I am the assigned Gen-ART reviewer for this draft. The General Area
Review Team (Gen-ART) reviews all IETF documents being processed
by the IESG for the IETF Chair.  Please treat these comments just
like any other last call comments.

For more information, please see the FAQ at

<https://trac.ietf.org/trac/gen/wiki/GenArtfaq>.

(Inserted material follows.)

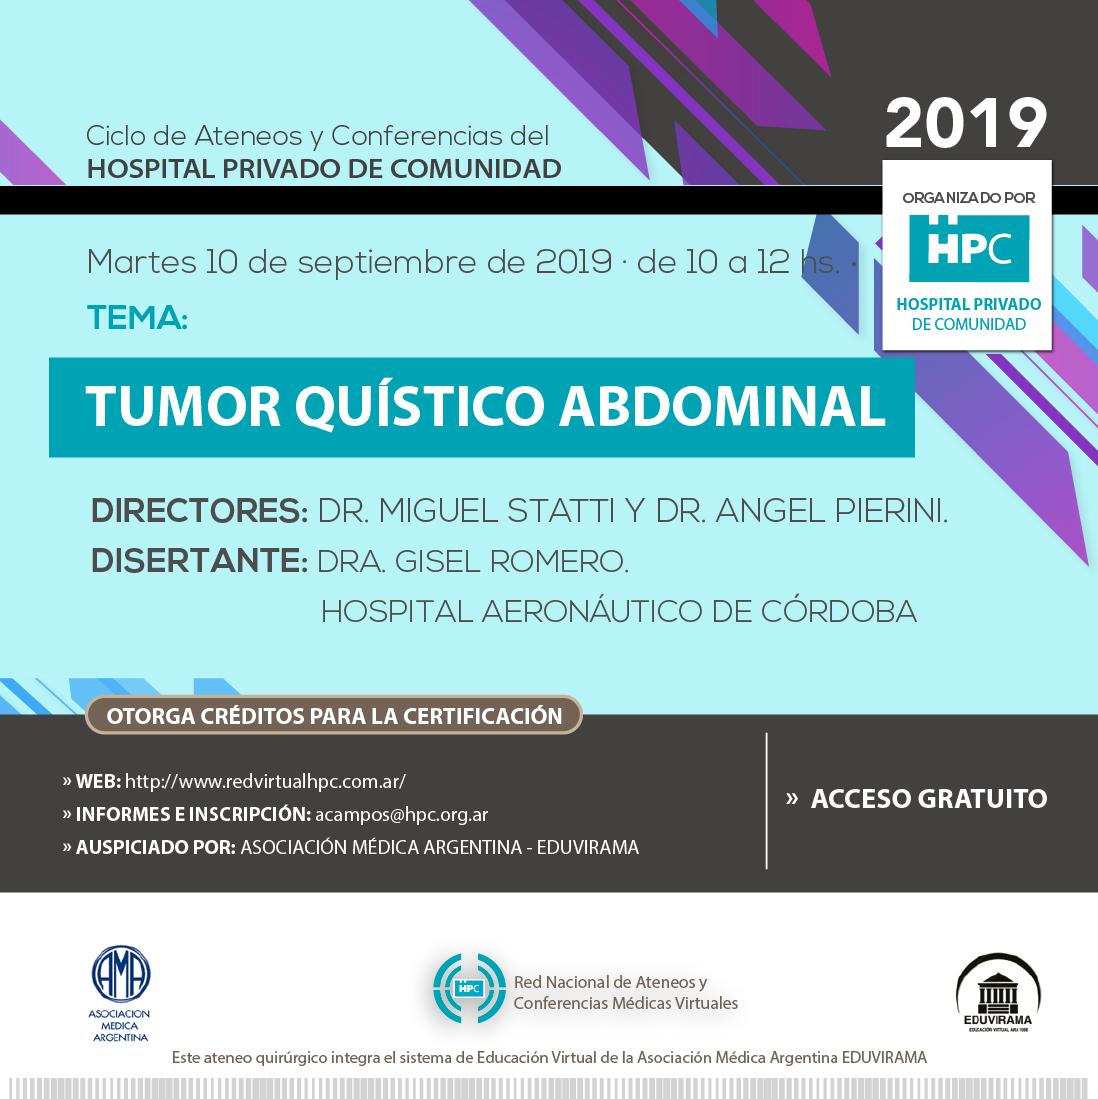 Tumor quístico abdominal

Document: draft-ietf-cellar-ebml-09
Reviewer: Robert Sparks
Review Date: 2019-02-20
IETF LC End Date: None
IESG Telechat date: Not scheduled for a telechat

Summary: Not ready for publication as a Proposed Standard

Note that this is really an early review - IETF LC has not yet been issued for this draft.

Issues:

It's not clear that this group is chartered to produce a general purpose
binary equivalent to XML. Instead, it appears to be chartered to document FFV1
and Matroska. EBML as it is currently used for those things needs to be
documented, but rather than try to make it into a format that other things
besides the work of this group appears out of scope. If I'm correct, then this
document shouldn't need to create an IANA registry - it need only document
what the group needs (and if the group needs more later, it can update this
document). The abstract and introduction would need to be adjusted to scope
the purpose of the format to supporting the work of this group. My review assumes
a scope of "documenting these existing formats" rather than providing a general
purpose markup language. If I'm wrong and this group is chartered to produce an
alternative for other protocols to use, this needs review from people who are
more expert in that kind of representational design than me.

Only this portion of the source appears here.